Probably not going to have a working PS3 or Xbox 360 emulator for another ten years, and ONLY if some competent developers work on it for a period of years to get games to a playable state.

The general rule is that for an emulator to run full speed, the processor must be 10 times as powerful as the emulated system. Some even say it must be 100 times more powerful...

This is why, despite the NES having a Ricoh 6502 at 1.79mhz it wasn't until we had 100mhz Pentiums that NES emulation was possible.

The NES is extremely simple, has no 3D accelerator, and uses a very very old 8-bit CPU.

Dolphin can emulate the Wii fullspeed on modern systems, and the Wii has a 729mhz Power core processor, and a graphics chip that's basically the same one from the Gamecube (i.e. a 2002 era GPU).
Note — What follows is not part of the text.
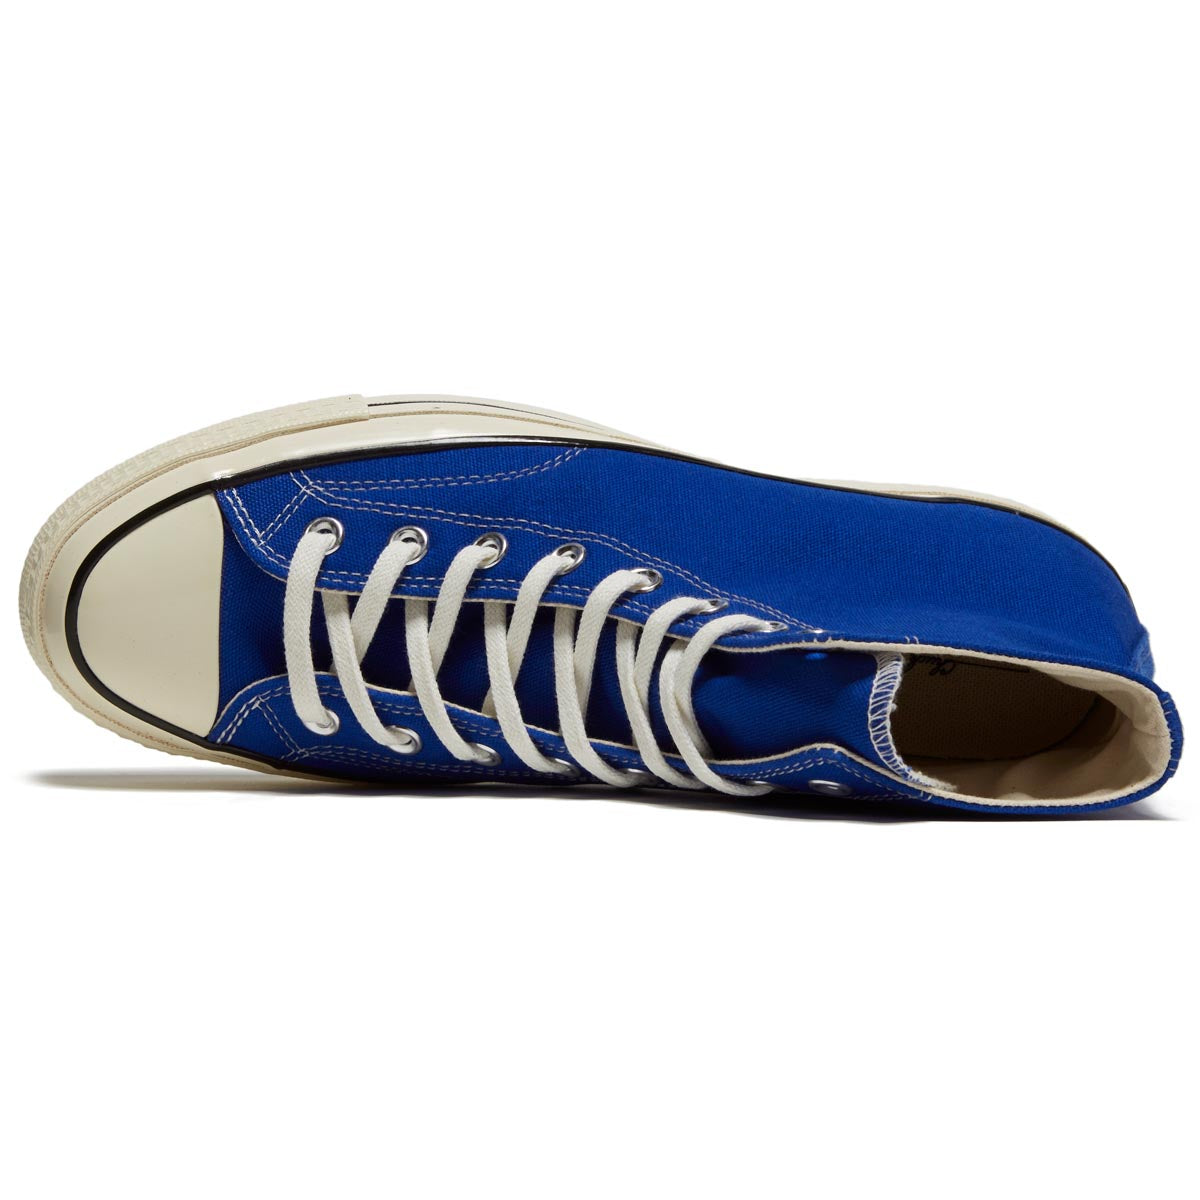 Converse Chuck 70 Hi Shoes - Nice Blue/Black/Egret image 3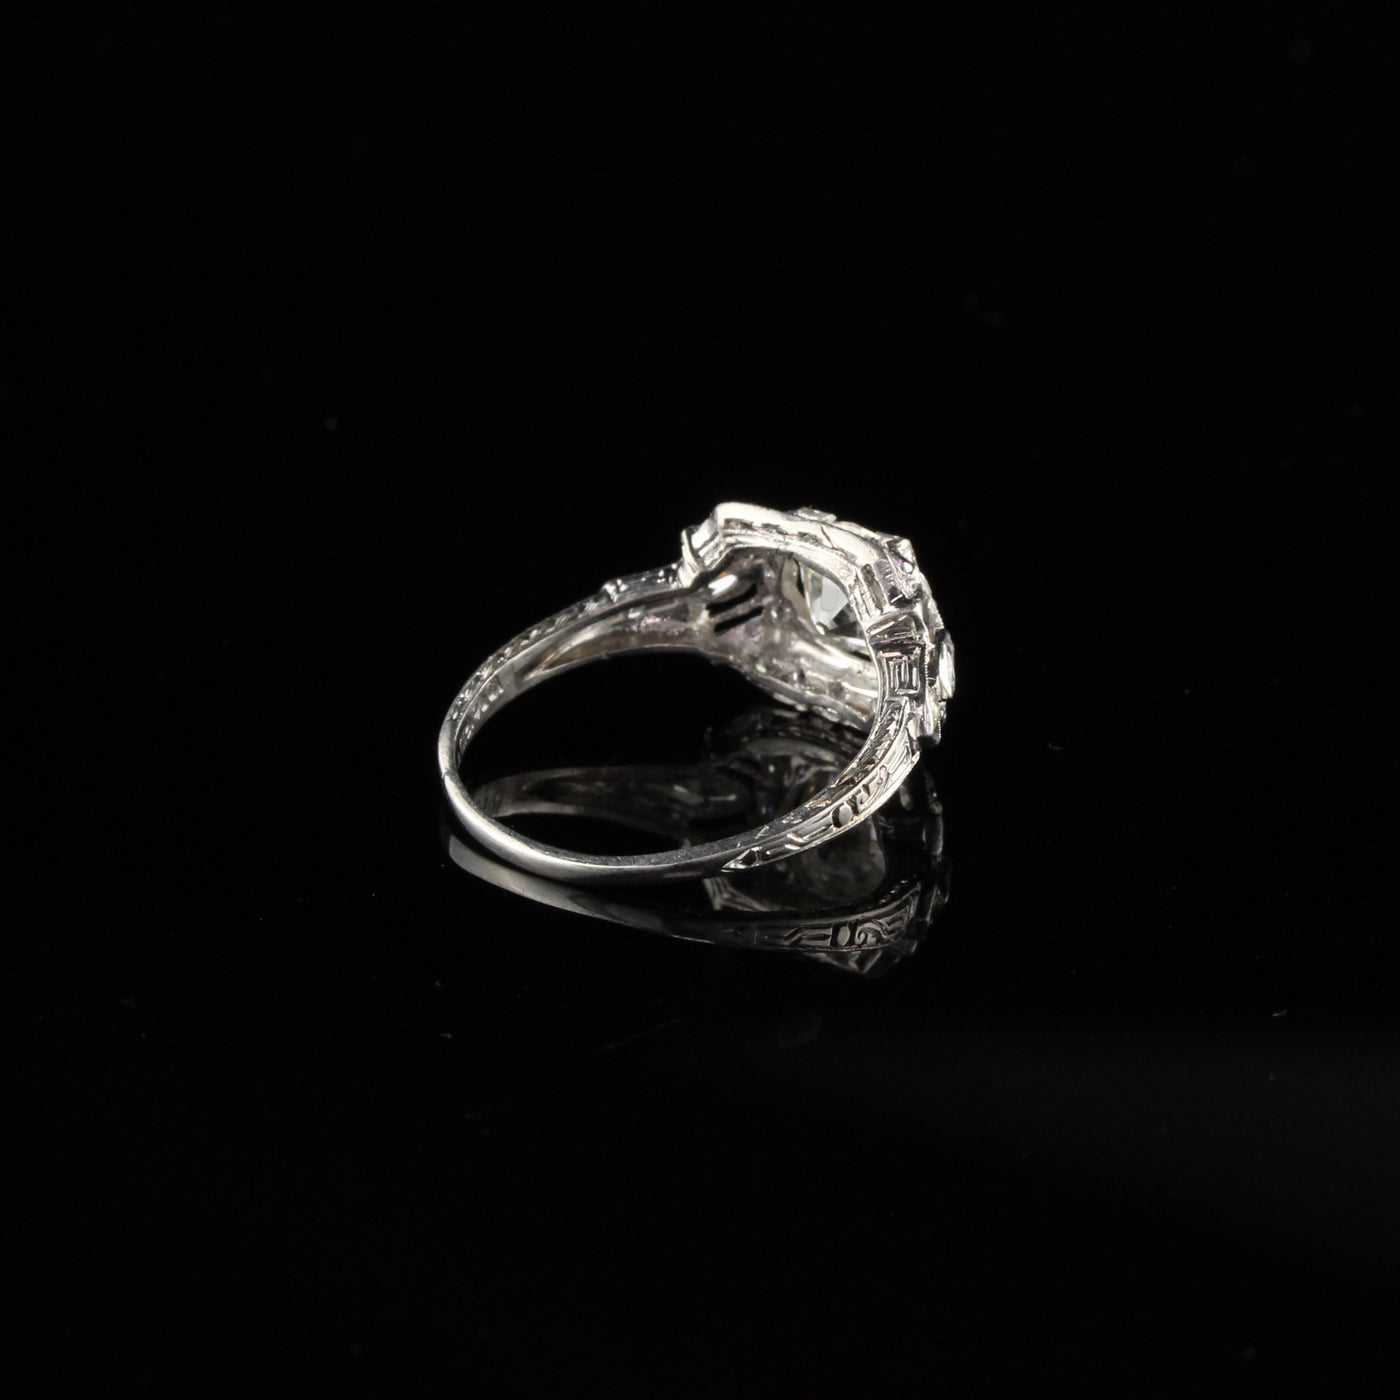 Antique Art Deco Platinum Engagement Ring - Size 6 3/4

The PS3 has the Cell broadband processor which is essentially a 9 core Power architecture processor at 3.2 Ghz. It also has a Nvidia GPU comparable to an 8800GT. On top of that it has an extremely complex (and protected) OS with a Hypervisor. Emulating these things is many orders of magnitude more difficult than emulating an 8-bit machine from the 80s. Likewise, the 360 has a triple-core Xenon processor and a GPU similar to a ATI X1800.

My prediction, having followed console emulation since 1997, is that you will sooner see a Wii U/3DS emulator than you will see a PS3/360 emulator.

Besides that, if you really want to play PS3 or 360, just buy one. They're cheap. I just recently got a 360 Slim, 250GB and two controllers for $100 on Ebay. I also got a PS3 slim w/ one controller and all hookups for $85, again on Ebay. Try Ebay or Craigslist if you want it locally instead of waiting 20 years for an emulator.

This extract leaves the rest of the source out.